I built Semantic Sonar because I wanted that conversation to happen at 3:01 AM when the refresh failed, not at 10:30 AM when the quarterly review is already underway. The idea is a canary: a lightweight DAX query fired at each semantic model on a schedule. If it comes back clean, the model is reachable and queryable. If it does not, something is wrong right now, not three days from now.
Registering the first model
The first page most people land on after setting up the system is the workspace browser. The alternative is typing workspace GUIDs and dataset IDs by hand, which I did exactly once before deciding to build the browser.
You pick a tenant from the dropdown, the browser calls the Power BI REST API with the tenant’s service principal, and it returns a list of workspaces. Expand a workspace and you see every semantic model in it with its display name. Click Register and a form pre-fills with the workspace ID, dataset ID, and a default DAX query:
EVALUATE ROW("Ping", 1)
That default is intentionally trivial. You want the canary to be cheap. Its job is not to test the data. Its job is to confirm that the model is reachable and that the service principal can still authenticate. A single-row EVALUATE ROW does that in under a second on any model that is working.
For most models I change the query to something slightly more meaningful: a measure that actually touches the fact table, so a permission problem on the underlying source would surface. But the principle stays the same: keep it light, keep it fast, run it often.
The interval sits at 60 minutes by default. For critical models I set it lower, 15 or 30 minutes. The minimum the system allows is 1 minute, though for most models that is more noise than signal.
The dashboard: what you see first
Once a few models are registered and the scheduler has had time to run, the dashboard starts telling its story.
Four numbers across the top: total models, active, failing, disabled. In a healthy fleet they read something like 24, 22, 1, 1. The single failing model is the one you care about. The disabled one was auto-disabled after 30 consecutive failures, which usually means it has been broken for a long time and nobody has got around to it.
Below the stat cards, there are two lists. The first is models at risk: anything with 10 or more consecutive failures. These are on a countdown. At 30 consecutive failures the system disables them automatically. The at-risk list is early warning. You have a window to investigate before the model drops off monitoring entirely.
The second list is recent failures: the last handful of failed checks across all models, with timestamps and the raw error message. That error message is usually enough to know immediately whether something needs attention now:
Power BI API returned 401: {"error":{"code":"TokenExpired",...}}
versus
Power BI API returned 404: {"error":{"code":"ItemNotFound",...}}
TokenExpired means a credential needs rotating. ItemNotFound means someone deleted or moved the model. Different problems, different urgency, different owner to call.

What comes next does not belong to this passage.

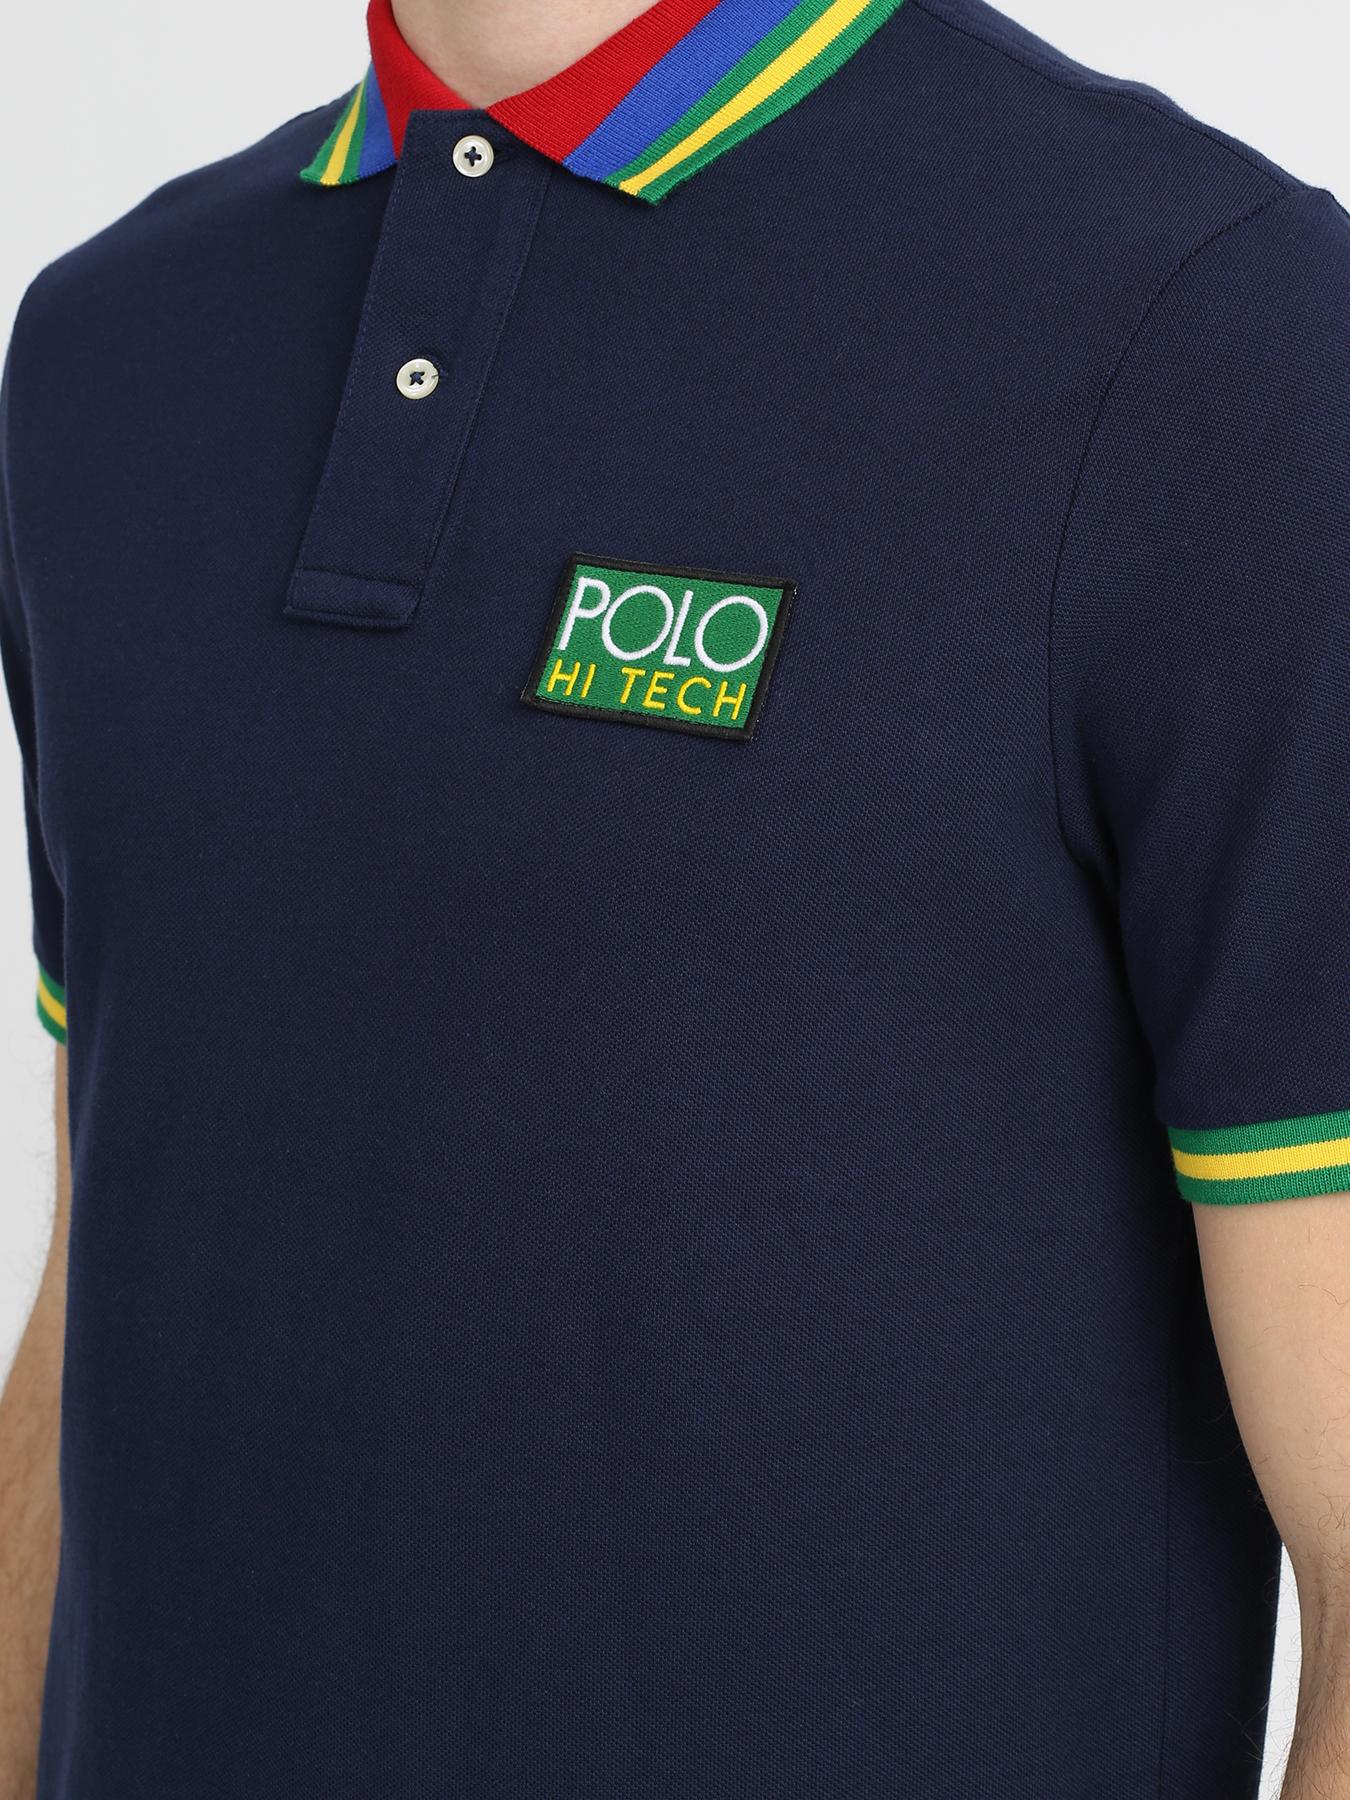 Polo Ralph Lauren Поло с полосками на воротнике 329212-046 Фото 3
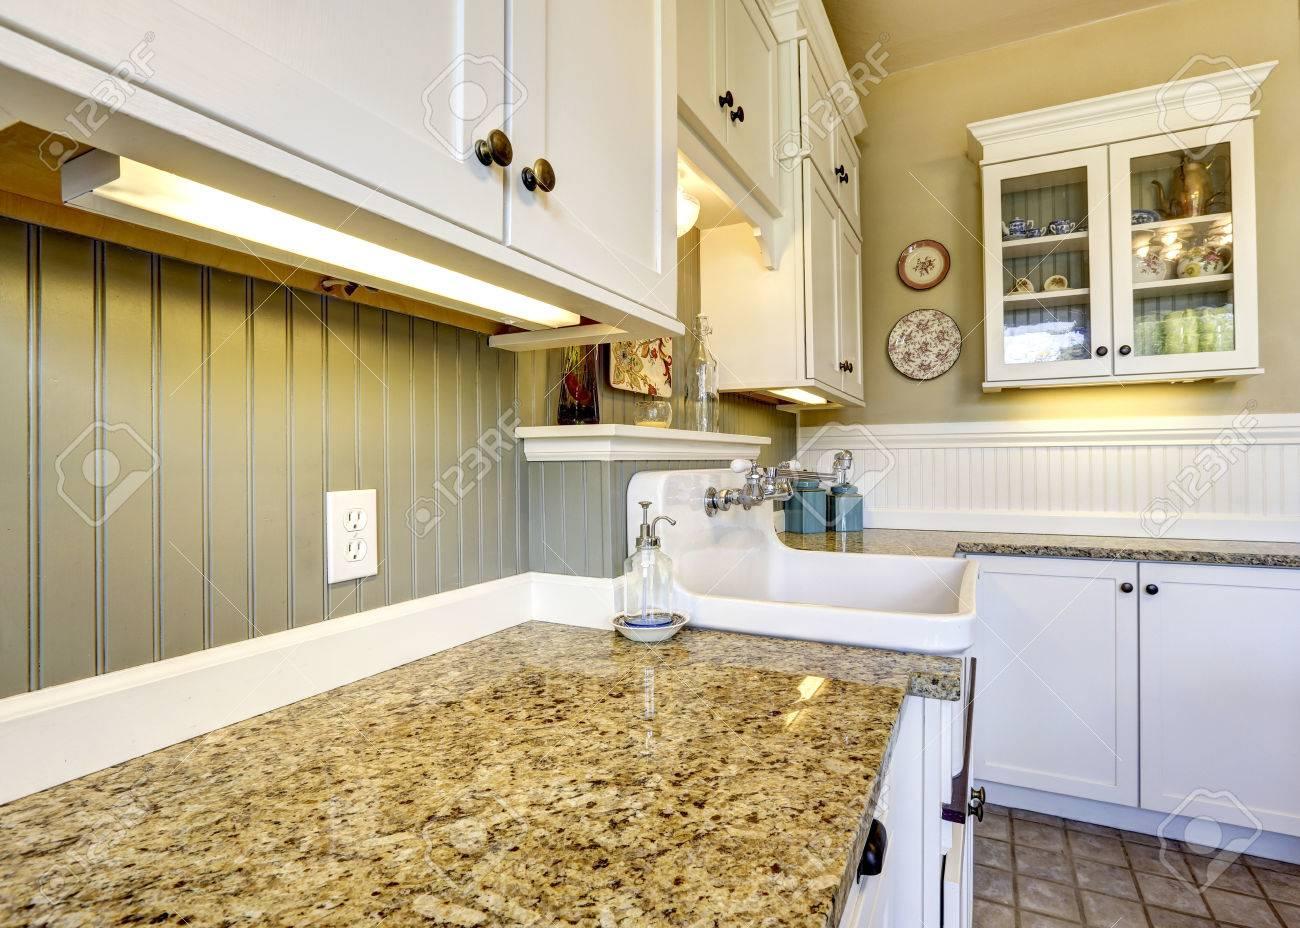 kitchen paneling backsplash

The dashboard auto-refreshes every 60 seconds. I leave it open on a side monitor. When the amber tile count goes up, I look.
Drilling into a model
From the dashboard or the models list, clicking through to a single model shows the full result history.
The top section repeats the key facts: current status badge (Active, Failing, Disabled), consecutive failure count, last run timestamp, last run success or failure. Below that is a latency chart. This is the view that catches the subtler problems.
A model that is technically succeeding but whose latency has climbed from 200ms to 4,000ms over a week is not a healthy model. Something upstream changed. Maybe a gateway is under new load. Maybe a DirectQuery source started doing full scans. The trend is visible here because every result gets recorded with its latency in milliseconds.
The full result history below the chart shows each check: timestamp, success or failure, latency, row count, and the first row returned as JSON. That last one is useful. If your canary query is:
EVALUATE ROW("SalesTotal", [Sum of Sales Value])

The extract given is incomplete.